Cloud Computing at a Glance
- Delivers computing resources — infrastructure, platforms, software — over the internet rather than through hardware you own and operate
- The cost model shifts from capital expenditure (hardware you buy) to operational expenditure (services you pay for monthly)
- The bill scales with usage — which means it can scale up unexpectedly as easily as it scales down intentionally
- Three primary service models exist: infrastructure (IaaS), platform (PaaS), and software (SaaS) — each with distinct ownership boundaries, cost structures, and lock-in profiles
- A small number of hyperscalers (AWS, Azure, Google Cloud) control most of the market — and the commercial terms, pricing levers, and negotiation dynamics differ substantially from every other technology category
- The decision to move to cloud, which model to use, and which provider to use are three separate decisions that vendor pitches routinely collapse into one
Where Cloud Computing Fits
Cloud computing is three separate decisions that vendors routinely sell as one. Which workloads move, on which model, and with which provider each carry different cost structures, contract terms, and exit paths. Collapsing them — which every vendor pitch does — is how organizations end up with a transformation story and a surprise bill.

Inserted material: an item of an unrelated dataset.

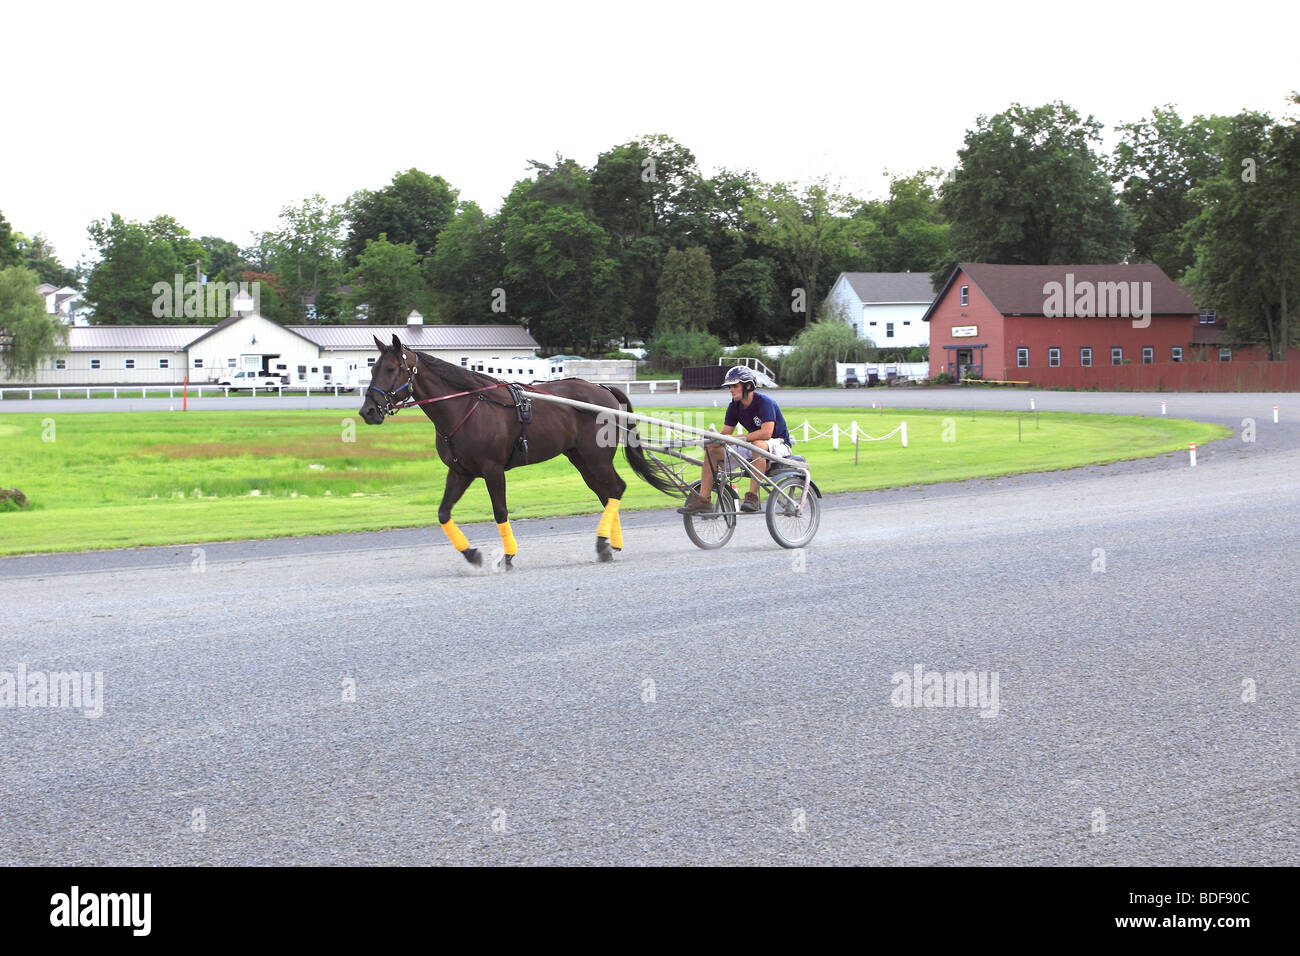 Harness racing horse being trained, Historic Track, Goshen, NY Stock Photo

When someone says "we're moving to cloud," they could mean migrating servers, subscribing to SaaS applications, building on a managed platform, or all three simultaneously. The distinction matters because the cost structure, the contract terms, and the exit path are fundamentally different depending on which model is actually in play.
The Problem Cloud Computing Solves
Owning and operating infrastructure requires capital, headcount, physical space, and operational discipline that most organizations would rather apply elsewhere. Hardware refresh cycles are expensive. Scaling capacity requires procurement lead times. Disaster recovery means a second data center nobody wants to fund. Cloud shifts that burden to a provider in exchange for a consumption-based fee — and for the right workloads, that trade is genuinely worth making.
Cloud computing typically belongs on the shortlist when:
- Hardware refresh cycles are creating capital expenditure pressure the business doesn't want to absorb
- Scaling capacity for growth, seasonality, or geographic expansion requires faster provisioning than on-premises allows
- Remote workforce requirements are exposing limitations in data center-centric architectures
- Business continuity and disaster recovery requirements demand geographic redundancy that a second owned data center can't justify on cost grounds
- A compliance, security, or redundancy requirement is easier to meet through a managed provider than through internal operations
- The organization is preparing for a transaction — acquisition, IPO, or divestiture — where infrastructure flexibility matters
How Cloud Computing Actually Works
Cloud computing is the delivery of computing resources — including servers, storage, databases, networking, software, and analytics — over the internet by a third-party provider, on demand, billed by consumption.
The provider owns and operates the physical infrastructure. The customer configures, provisions, and uses it through a management interface, typically paying only for what they use. This is the foundational economic difference from traditional on-premises infrastructure: the capital cost and the operational overhead of running a data center shift to the provider.
Three service models define what the provider manages and what remains the customer's responsibility:
Infrastructure as a Service (IaaS) provides raw compute, storage, and networking. The customer controls the operating system, middleware, applications, and data. The provider manages the physical hardware. AWS EC2, Azure Virtual Machines, and Google Compute Engine are examples. IaaS gives maximum control; it also means maximum operational responsibility on the customer side.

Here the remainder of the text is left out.